2024 single by Falling in Reverse

"Ronald" is a song by American rock band Falling in Reverse, featuring American rapper Tech N9ne, and Russian singer Alex Terrible of Slaughter to Prevail. It was released on May 7, 2024, through Epitaph Records, as the lead single from the band's fifth studio album Popular Monster.

==Promotion and release==
Unlike their previous singles, the band did not promote the song in advance. On May 7, 2024, the single was suddenly released under the name "Ronald" which is the real name of vocalist Ronnie Radke. The song features American rapper Tech N9ne and Slaughter to Prevail's Alex Terrible.

On the same day as the single's release, the band announced they would be releasing their fifth studio album called Popular Monster which was originally supposed to be released on July 26, 2024, however it got pushed back to August 16, 2024. The band also announced "The Popular MonsTour II" in the United States, alongside Dance Gavin Dance, Black Veil Brides, Tech N9ne, Jeris Johnson and Nathan James as headliners. After six years, the band also announced that they will perform outside the United States, headlining the "We Missed Ourselves Fest" in Mexico.

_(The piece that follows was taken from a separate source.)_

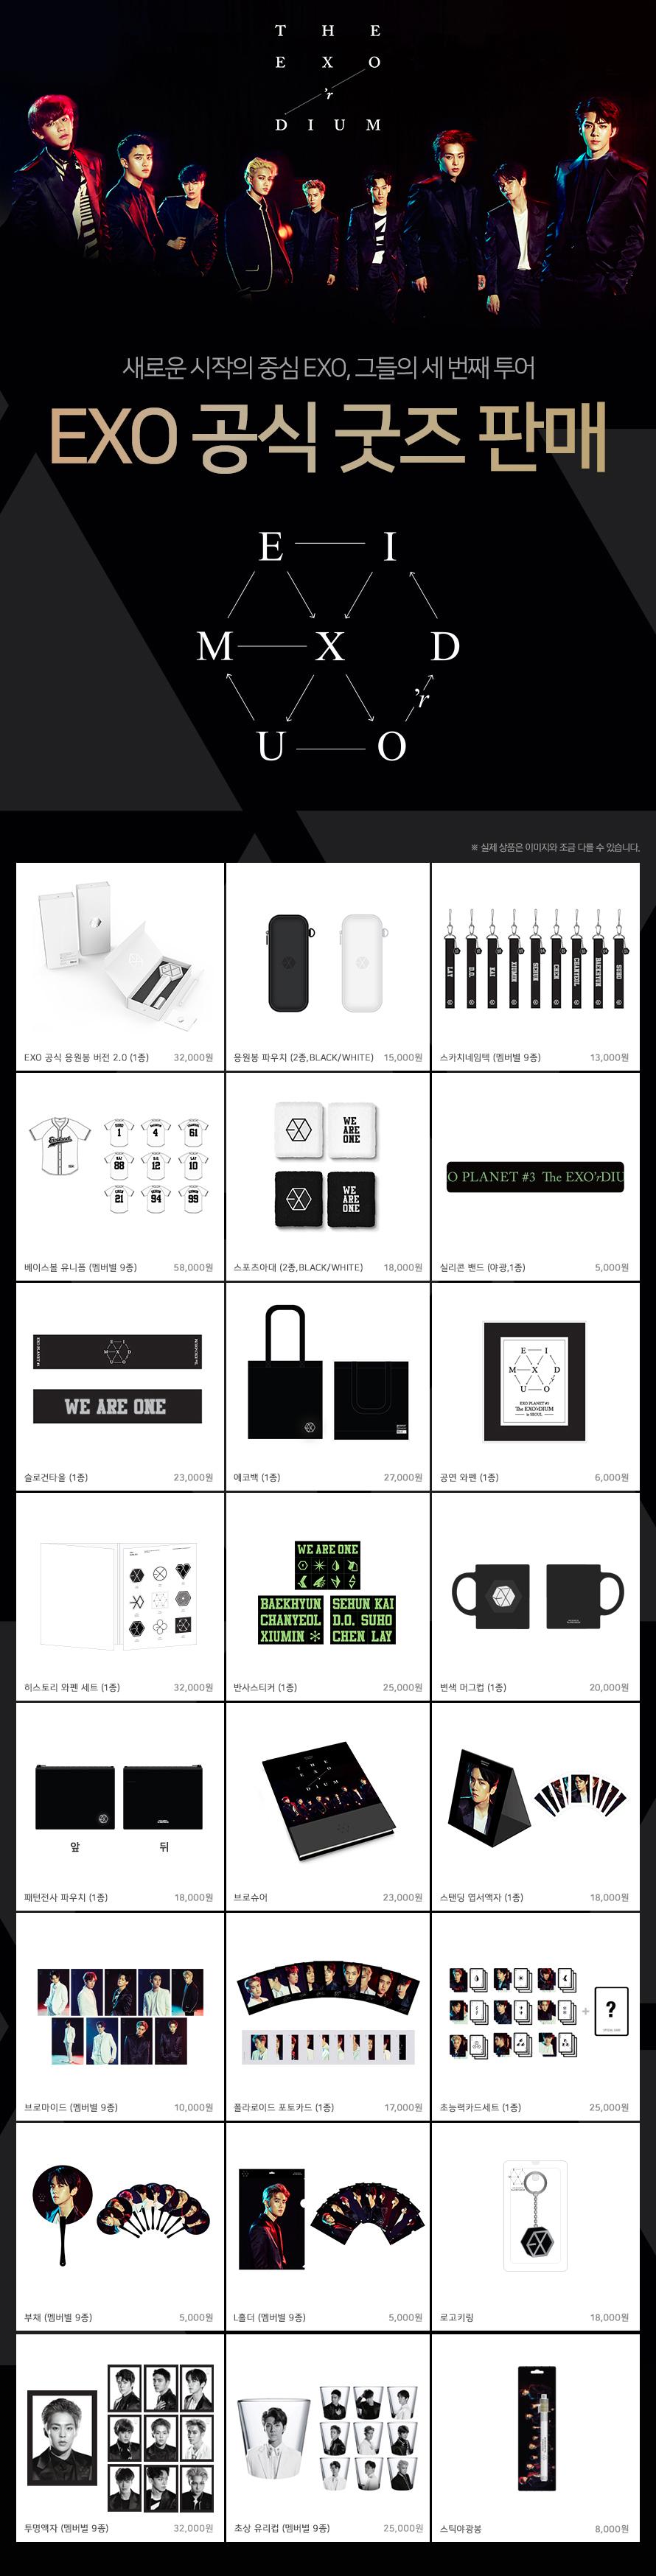 EXO The EXO'rdium in Seoul merch.png

In 2024, "Ronald" was nominated for the 2024 Billboard Music Awards in the category Top Hard Rock Song.

==Composition and lyrics==
The song was written by vocalist Ronnie Radke, Tyler Smyth, All That Remains guitarist Jason Richardson, Tech N9ne and drummer Luke Holland and was composed by Ronnie Radke and Tyler Smyth. It was again produced by Tyler Smyth, Ronnie Radke and Charles Kallaghan Massabo. According to an article about the song by Fresh Flow Nation, "Ronald" dives "into the transition from innocence to the harsh realities of adult life. It's as a blunt outcry against the world's darkness, underlined by a recognition of inner demons and societal evils. This song isn't just a tune; it's a bold wake-up call to the chilling truths that surround us."

The song makes use of deathcore influences in keeping with featured vocalist Alex Terrible's style, such as breakdowns, screaming, and death growls; Tech N9ne's verse features electronic trap production. Tech N9ne received some backlash for the lyrics "Sex change could get you caught up in death's range/He pled sane but really imitating Ed Gein", which were seen by some listeners as transphobic; he later explained on Instagram about the contrary, in which these lines were meant to raise awareness of trans individuals being murdered.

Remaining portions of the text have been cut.